Webアプリの入力欄からOSへの直接命令を送り込む攻撃。サーバーが「踏み台」にされるリスクもある、最恐クラスの脆弱性を攻略しましょう。

1. 【 問題 】:OSコマンドインジェクション

【 問題 】 Webアプリケーションにおいて、OSのシェルを呼び出す際の実装に不備がある場合、攻撃者によって不正なOSのコマンドが実行されることがあります。その結果、Webサーバー内部の情報の漏えいや、別のサーバーへの攻撃の踏み台を招く攻撃手法はどれでしょうか?

① SQLインジェクション
② OSコマンドインジェクション
③ クロスサイトスクリプティング(XSS)
④ ディレクトリトラバーサル

2. 正解:Webセキュリティに関する正解

正解: ② OSコマンドインジェクション

3. 解説:コマンドの「継ぎ足し」による乗っ取り

プログラムが想定している「正しい入力」の後に、特殊な記号(;|)を使って「悪意のある命令」を継ぎ足す手法です。

【図解:被害が全方位に及ぶ理由】

■ 深刻な被害例
1. 機密性の破壊:サーバー内の設定ファイルやパスワードファイルを閲覧・奪取される。
2. 攻撃の踏み台:乗っ取ったサーバーから他の組織へ攻撃を仕掛け、犯人に仕立て上げられる。
3. 制御の奪取:ファイルの削除、マルウェアの設置、OS自体のシャットダウンなど。

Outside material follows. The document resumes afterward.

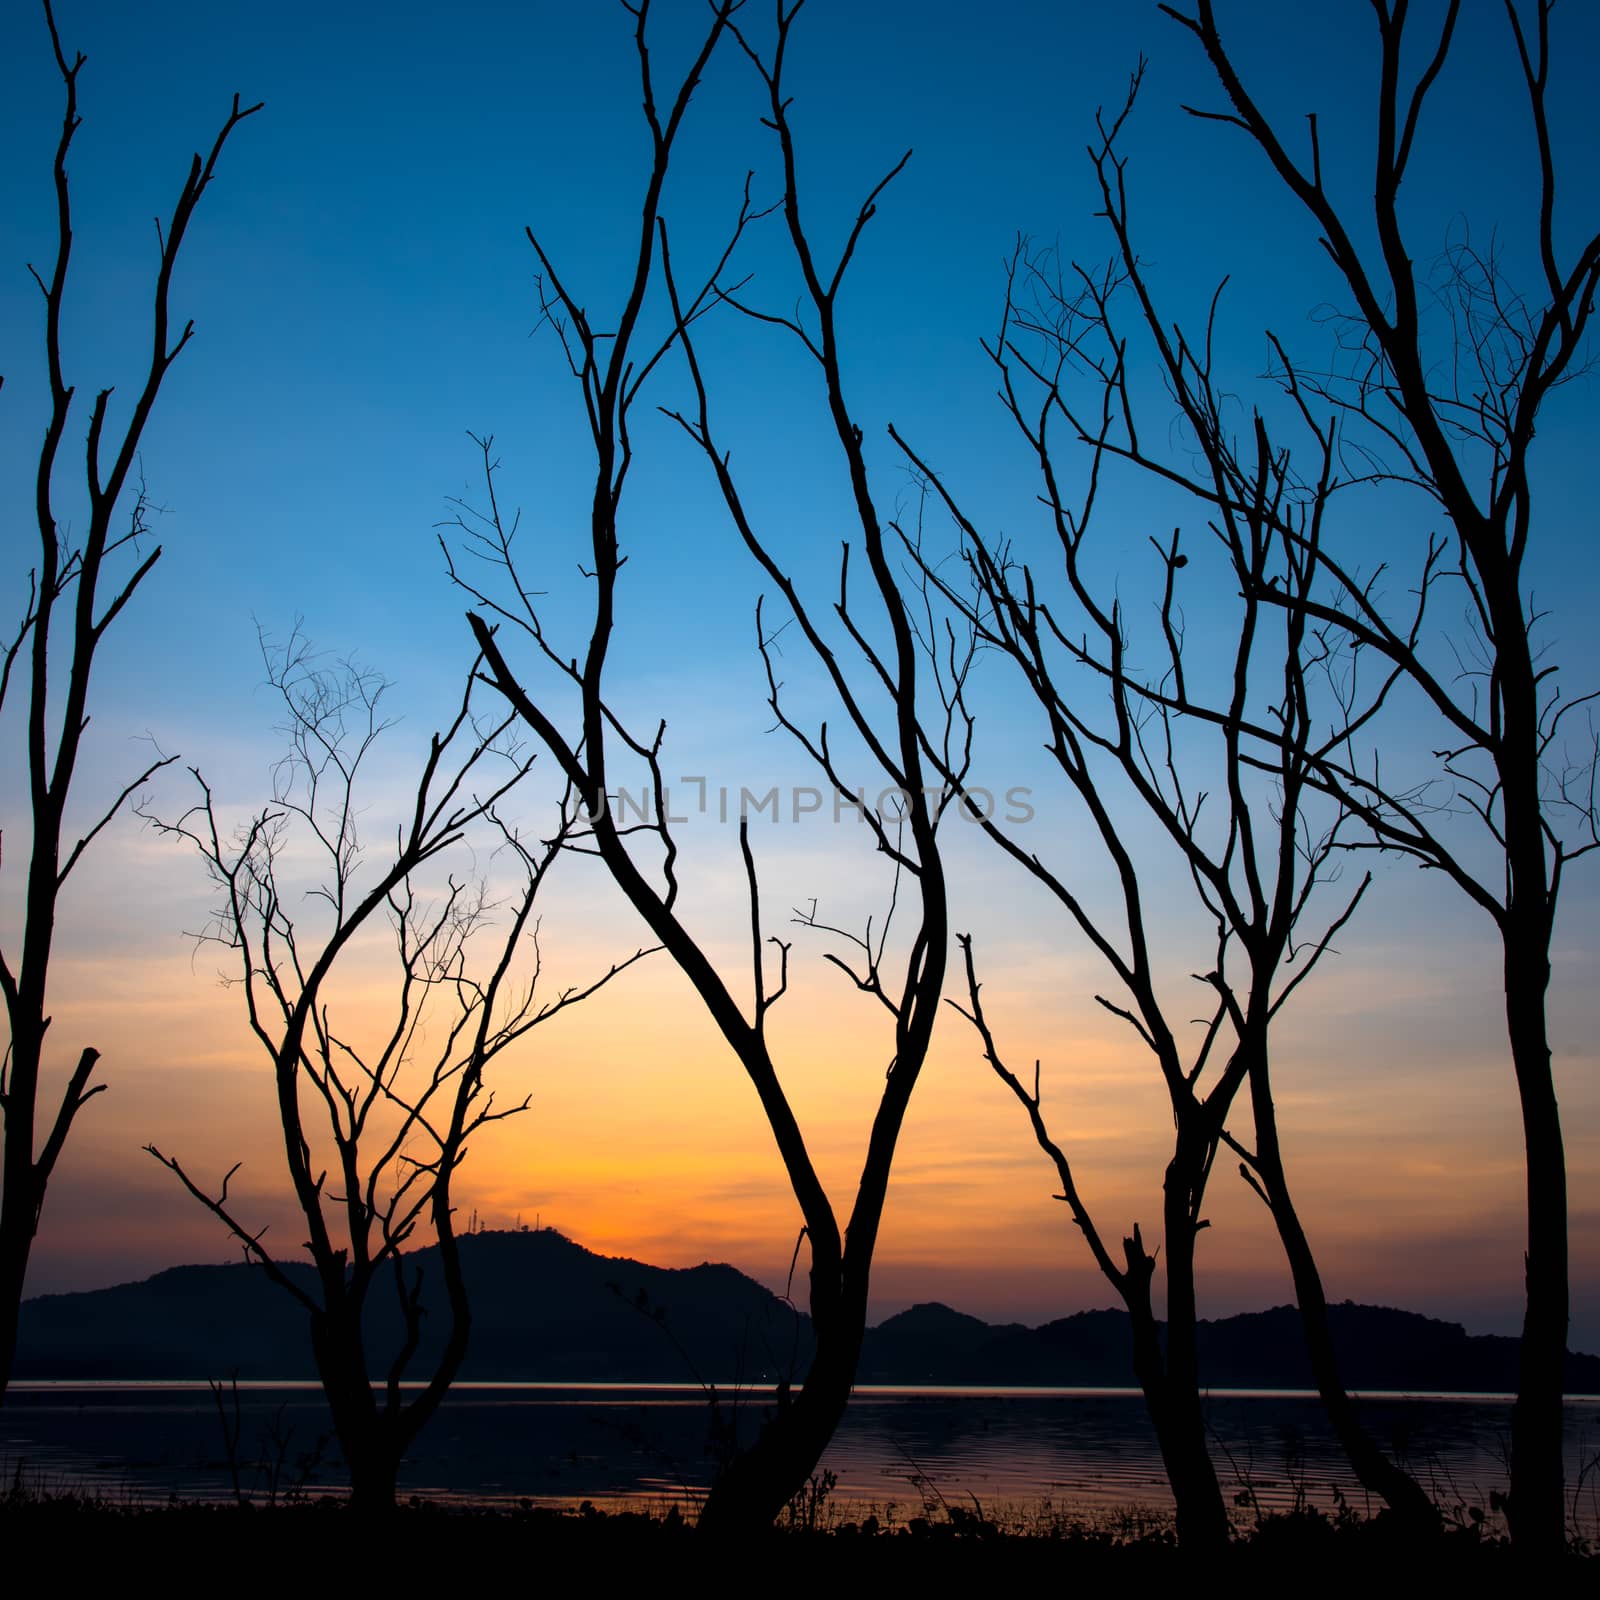 Dried tree beside lake and mountain with sunset sky by pixbox77

★ OSの制御権を直接狙われるため、Webアプリ内だけでなく、サーバー全体が危険にさらされます。
[ 対策のポイント ]
根本的解決:OSのシェルを呼び出す関数(system, exec等)を使わない実装にする。
保険的対策:シェルにとって特別な意味を持つ文字(`;` `&` `|` `>`等)を無害化(サニタイジング)する。

1. 理解のコツ: 役所に「住所変更届」を出したとき、住所の欄に「あと、金庫の鍵も開けておいて」という命令を書き込まれ、職員(OS)がそれをそのまま実行してしまうような事態です。
2. 試験対策の視点: 「シェルの呼び出し」「不正なOSコマンド」「踏み台」というキーワードが出たら、この用語が正解です。SQLインジェクションが「DBの操作」であるのに対し、こちらは「OSそのものの操作」である点に注目しましょう。


4. まとめ

「プログラムの隙間からOSへの命令を流し込む」。これがOSコマンドインジェクションです。一度許してしまうとシステムが完全に支配される恐れがあるため、開発段階での徹底的な対策が求められます。